Martial arts is the art of simplicity

“I fear not the man who has practiced 10,000 kicks once, but I fear the man who had practiced one kick 10,000 times.”

This is a quote from the martial artist, actor-turned-philosopher, Bruce Lee.

Lee accurately portrays martial arts as a way of life consisting of discipline, mental focus and physical agility.

Over the past couple years, I’ve asked myself, ‘What is martial arts? When will I become a martial artist and when will I know I am a martial artist?’

Let us take a few moments to answer these questions. Over the past three years, I have coined a definition of what I believe martial arts to be.

I believe martial arts is what you make it. Most see martial arts as a full contact sport and others see it as an art form. I believe martial arts is the mastery of using very little to accomplish a lot.

There has always been the belief that martial arts is violent and counterproductive to the pursuit of peace. But martial arts is not about using power or force, but using will and bravery to reciprocate dangerous situations. Some call it self-defense, I call it explosive fear. Furthermore, when can I call myself a martial artist?

Some people say that when you begin to dream in a second language, you have mastered the language. I wonder if the same goes for martial arts.

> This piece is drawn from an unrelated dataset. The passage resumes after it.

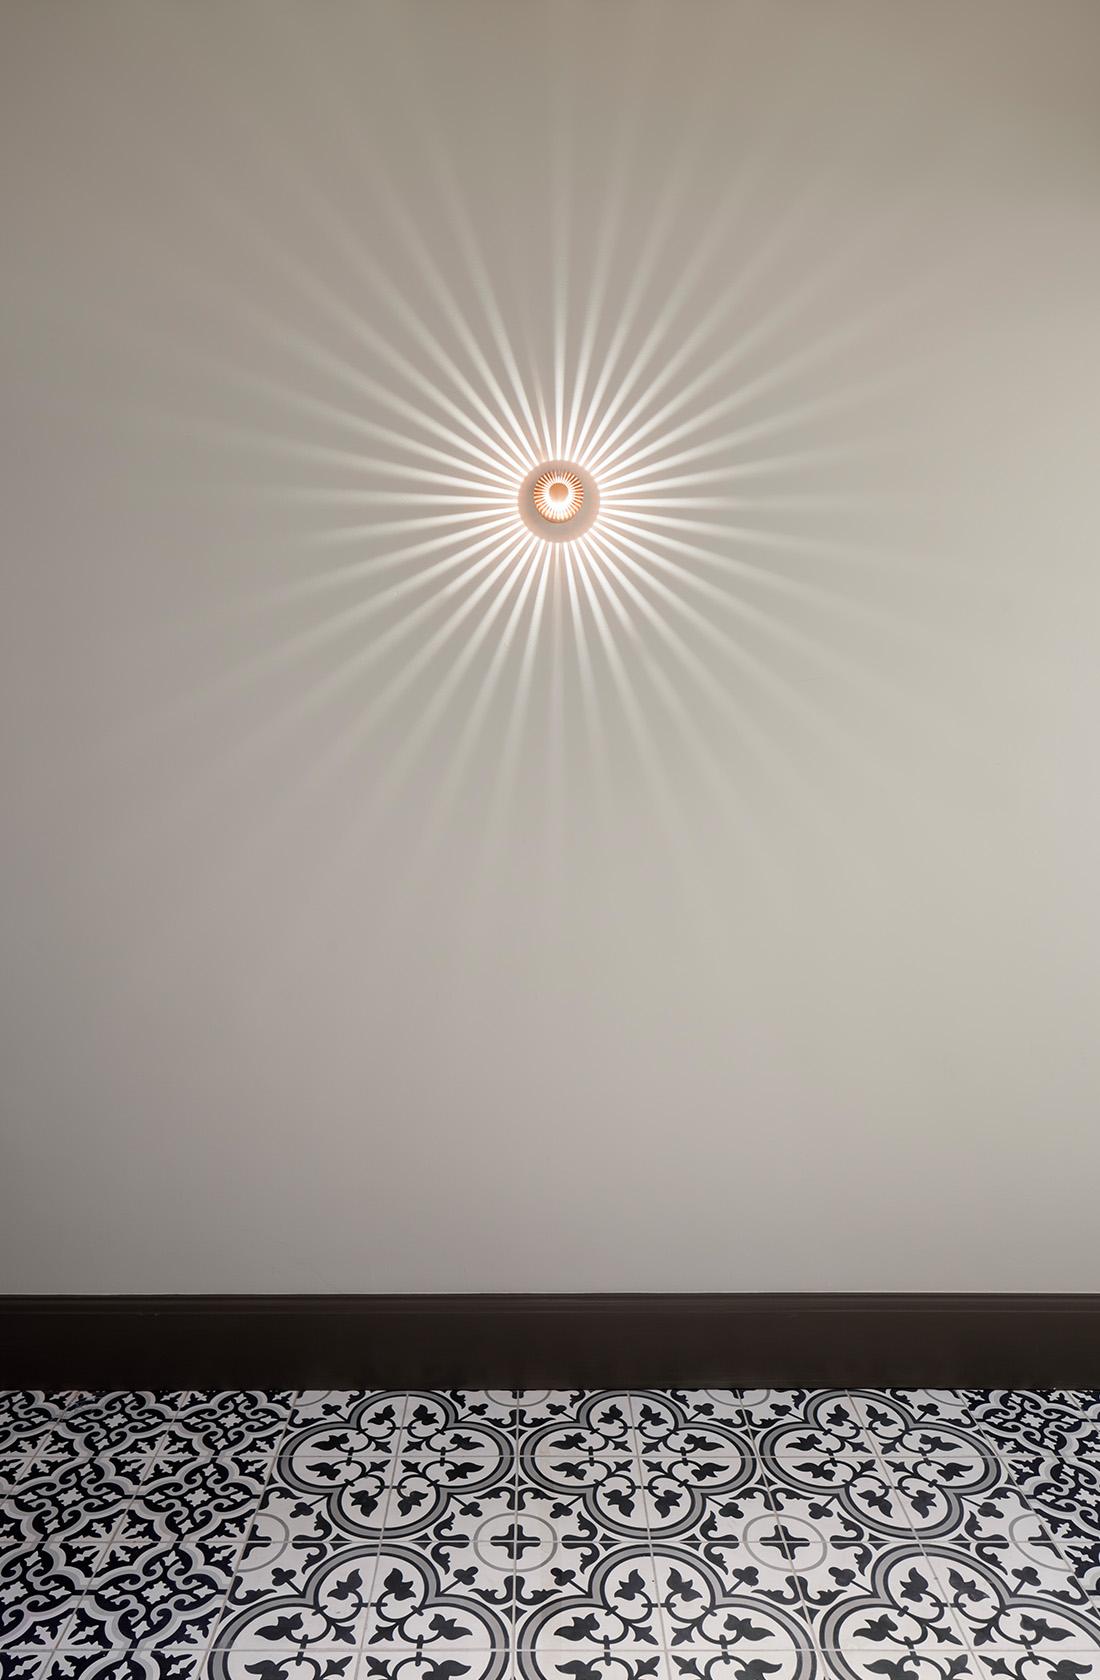 Upplyst lampa på vägg

If I were to dream of myself and Bruce Lee as a crime-fighting duo, bringing criminals to justice, maybe then I will have mastered martial arts. One of my martial arts instructors, my sensei, once said to me, “You will have only learned the basics when you get your first black belt.”

I felt a little discouraged when he said this to me, but I have learned that martial arts is not about knowing the skill, but knowing when to apply the skill. In marital arts, simplicity is the key to success.

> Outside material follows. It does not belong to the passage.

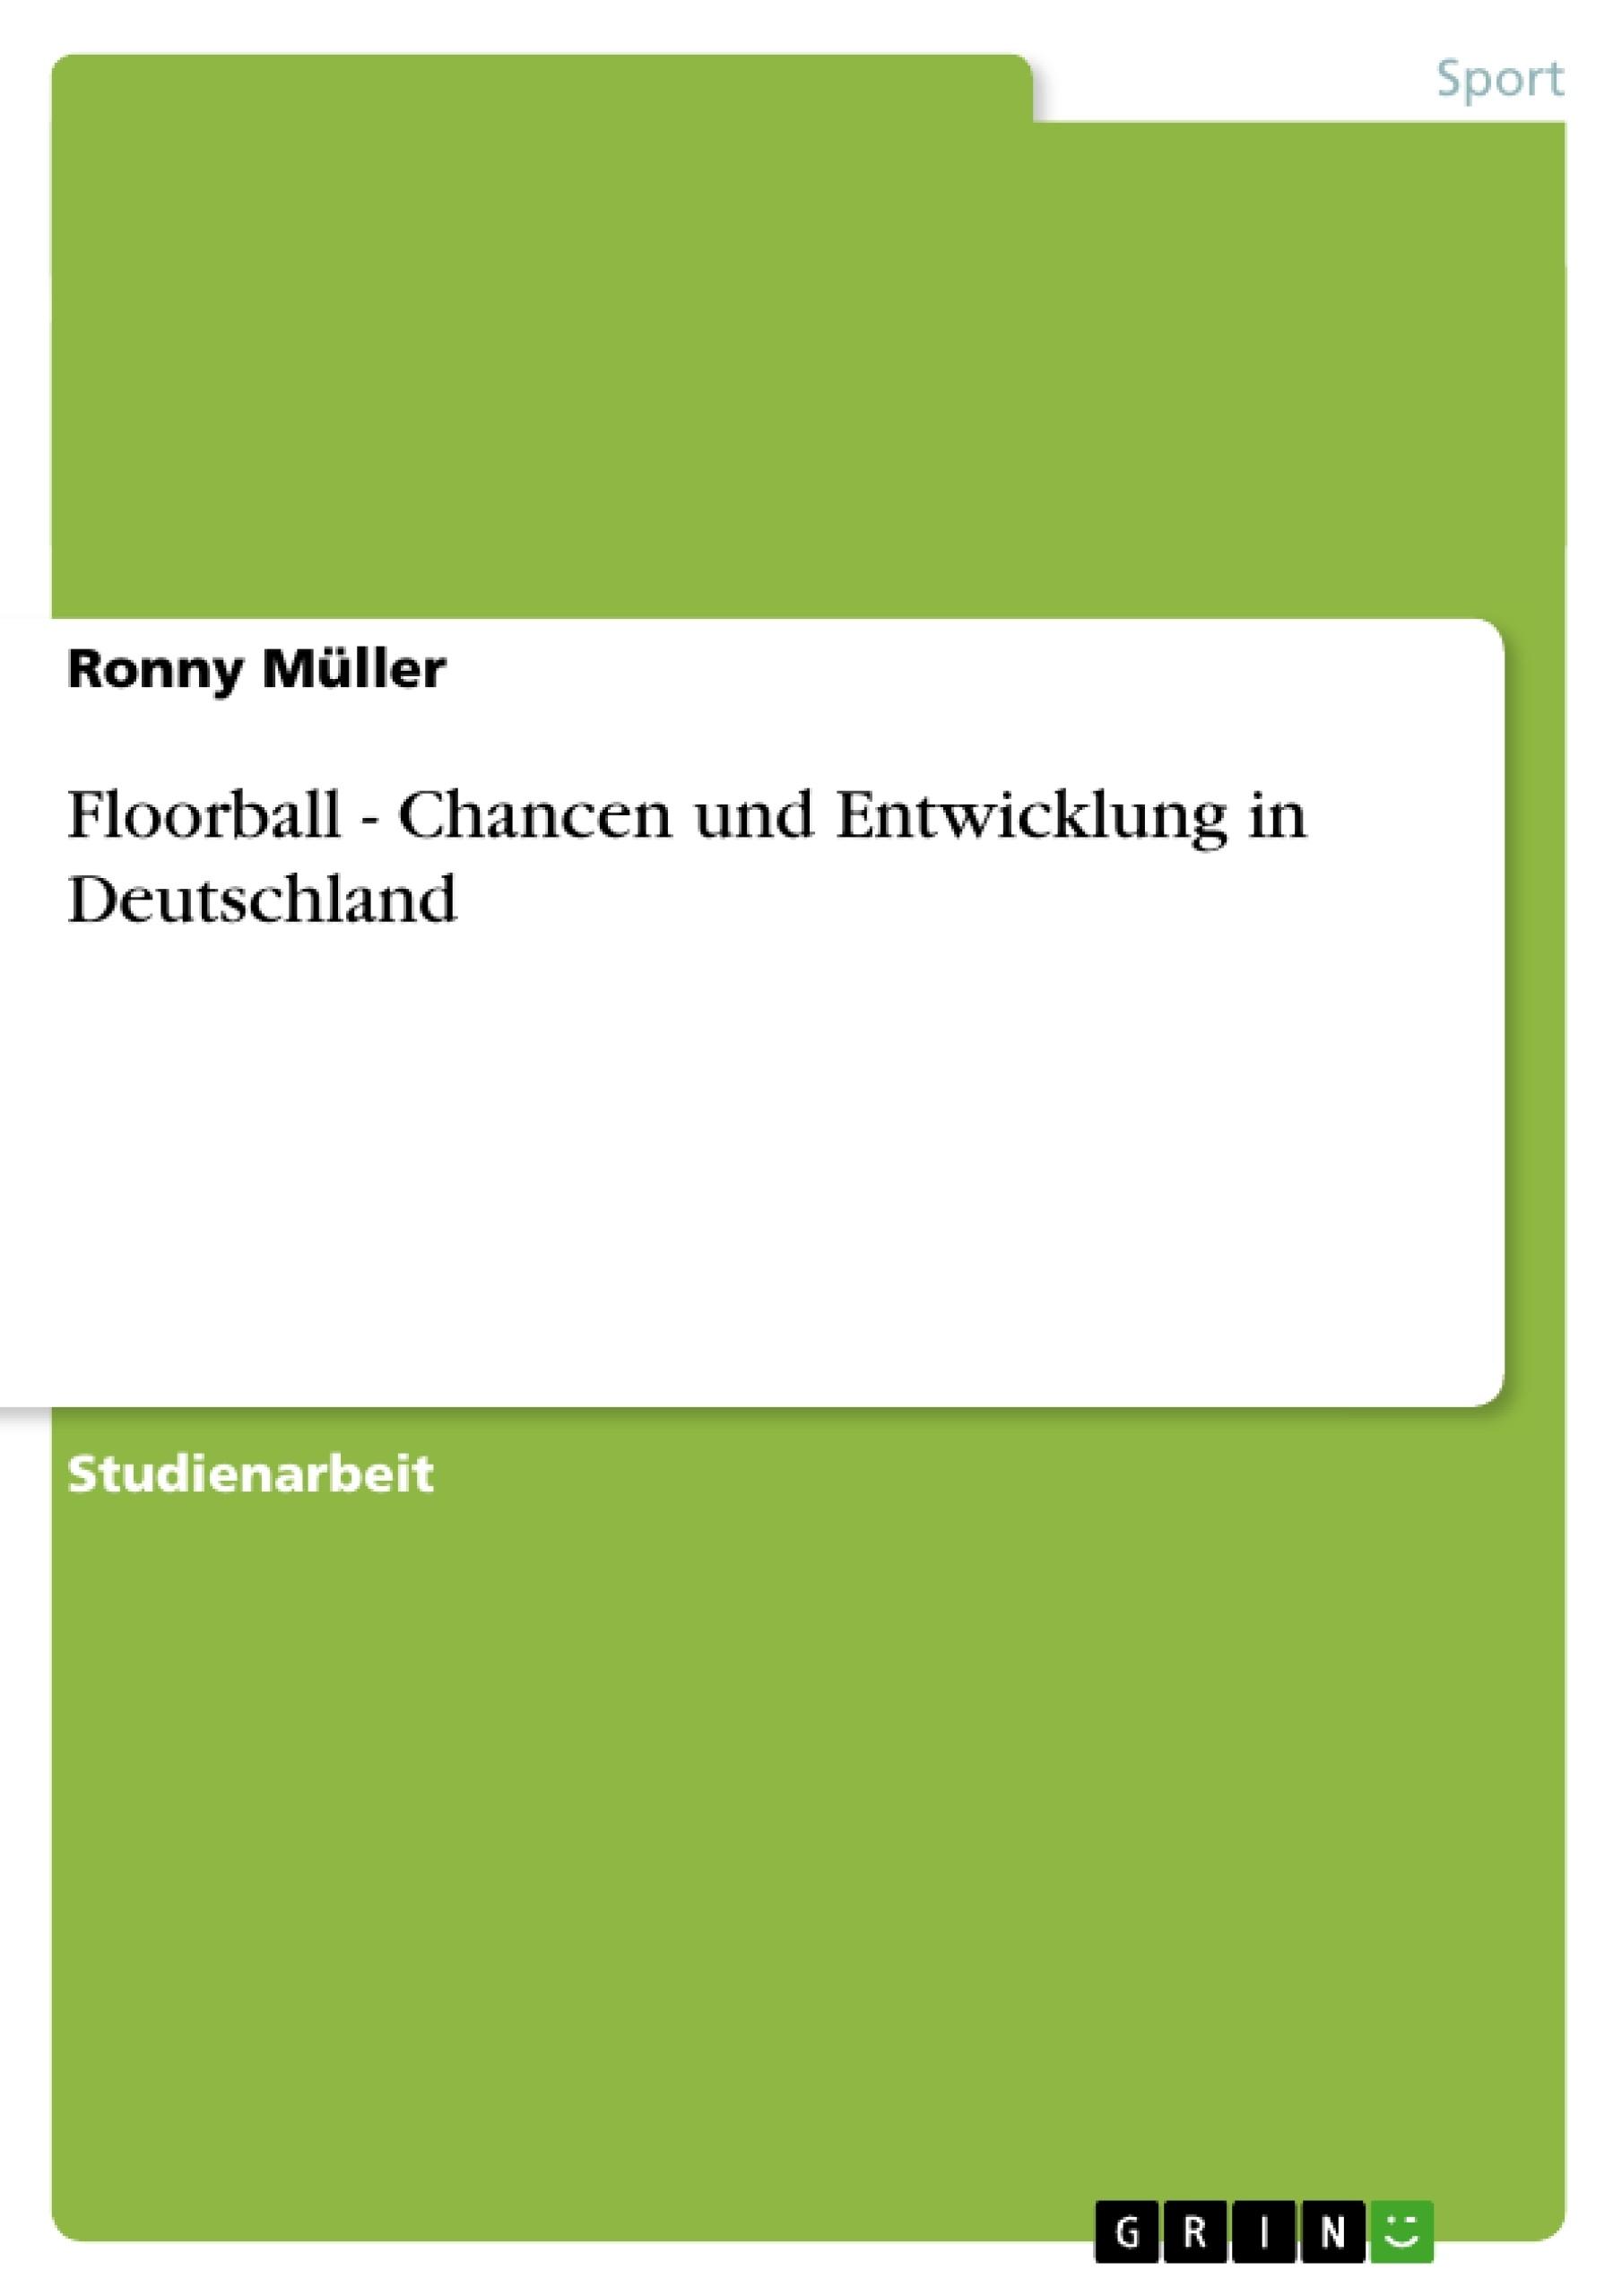 Titel: Floorball - Chancen und Entwicklung in Deutschland

So when will I know I am a martial artist? I will know when the pain is knowledge and I practice better than I perform.

There is a very interesting motto in the martial art I practice, “Maximum efficiency, mutual benefit.”

It is the idea that if my training partner lets me perform a skill on them, whether a kick, punch or a throw, I am more likely to feel and understand what the skill is and how I can improve it and vice versa.

I will end by saying martial arts is not about punching or kicking the hardest or even hurting the other person; it is about perfecting one’s character, avoiding all kicking and punching.

This is the opinion of Monika Agbonkhese.